Let's say my embedded software has been thoroughly tested, and there shall be no such thing as an Prefetch Abort exception of type "illegal instruction" due to incorrect privilege level or compilation issues.

Besides, the instruction is supposed to be correct at fetch time:

- the L1 instruction cache is protected by parity, and an error would have triggered a synchronous external abort.

- the L2 cache is protected by parity as well, and an error would have triggered a synchronous external abort.

- the DDR memory has SECDED ECC, and an uncorrectable ECC error would have triggered an AXI slave error, which in turn would have generated a synchronous external abort.

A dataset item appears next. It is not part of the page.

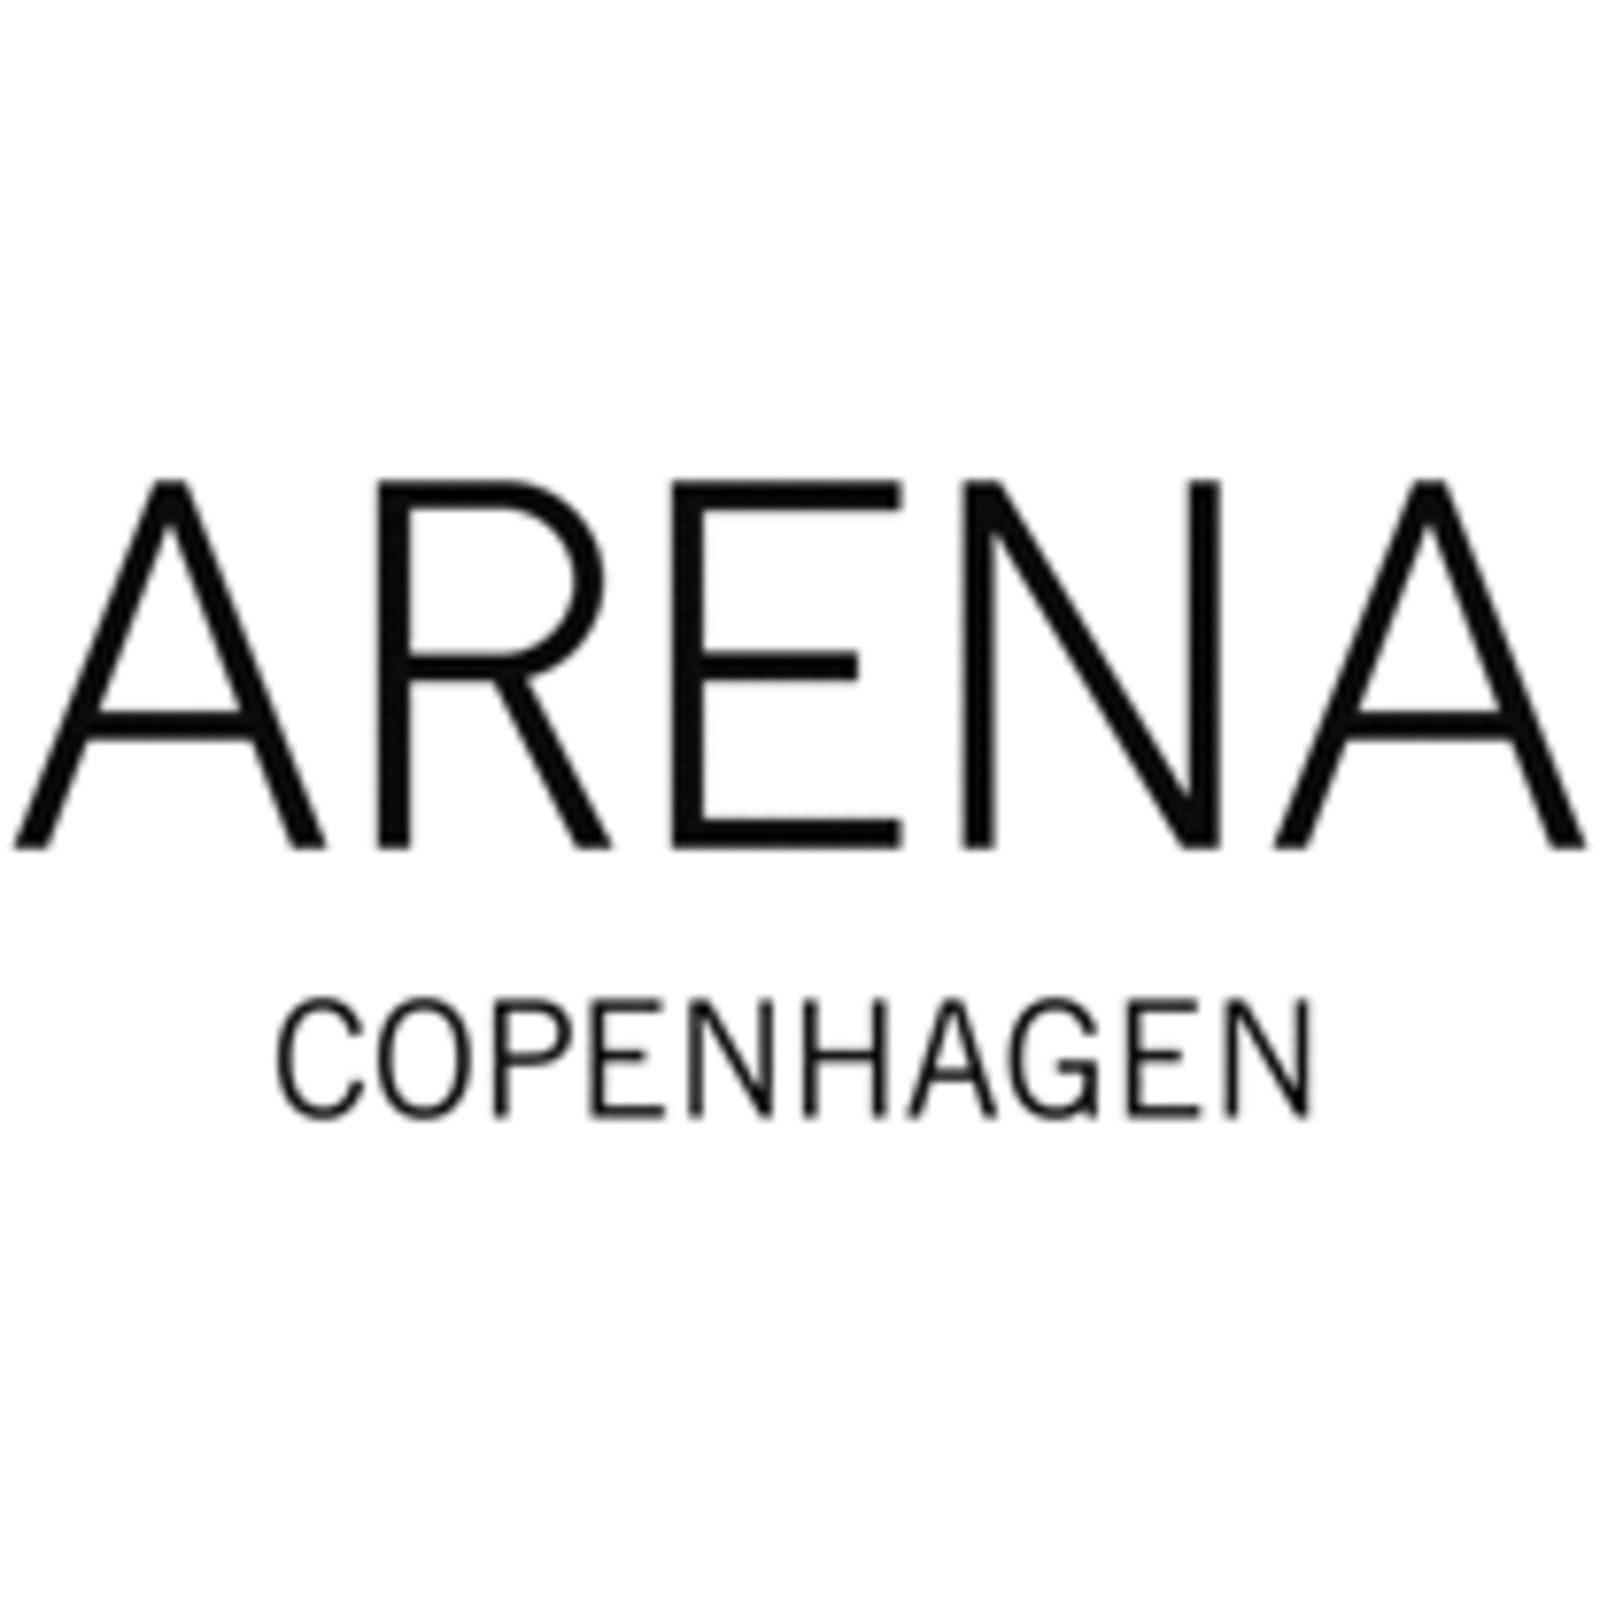 ARENA COPENHAGEN

So the instruction becomes corrupted and illegal only when already in the CPU pipeline. If we look at the pipeline data structure which would have caused such a corruption due to a radiative event, I could think of:

- the re-order buffer (ROB);

- the pipeline registers (fetch - decode - execute);

- the centralized scheduler;

- the program counter register;

- the Global History Buffer (GHB);

- the Branch Target Address Cache (BTAC).

To recover from the illegal instruction, I assume that:

- the pipeline (including ROB) shall be flushed, which I suppose is done on taking the Undefined Abort exception;

- the BTAC and GHB shall be invalidated;

After all that, I would like to replay the instruction by decrementing the PC to the one of the illegal instruction. By so, from my understanding, the instruction will be re-fetched from L1 instruction cache (or beyond).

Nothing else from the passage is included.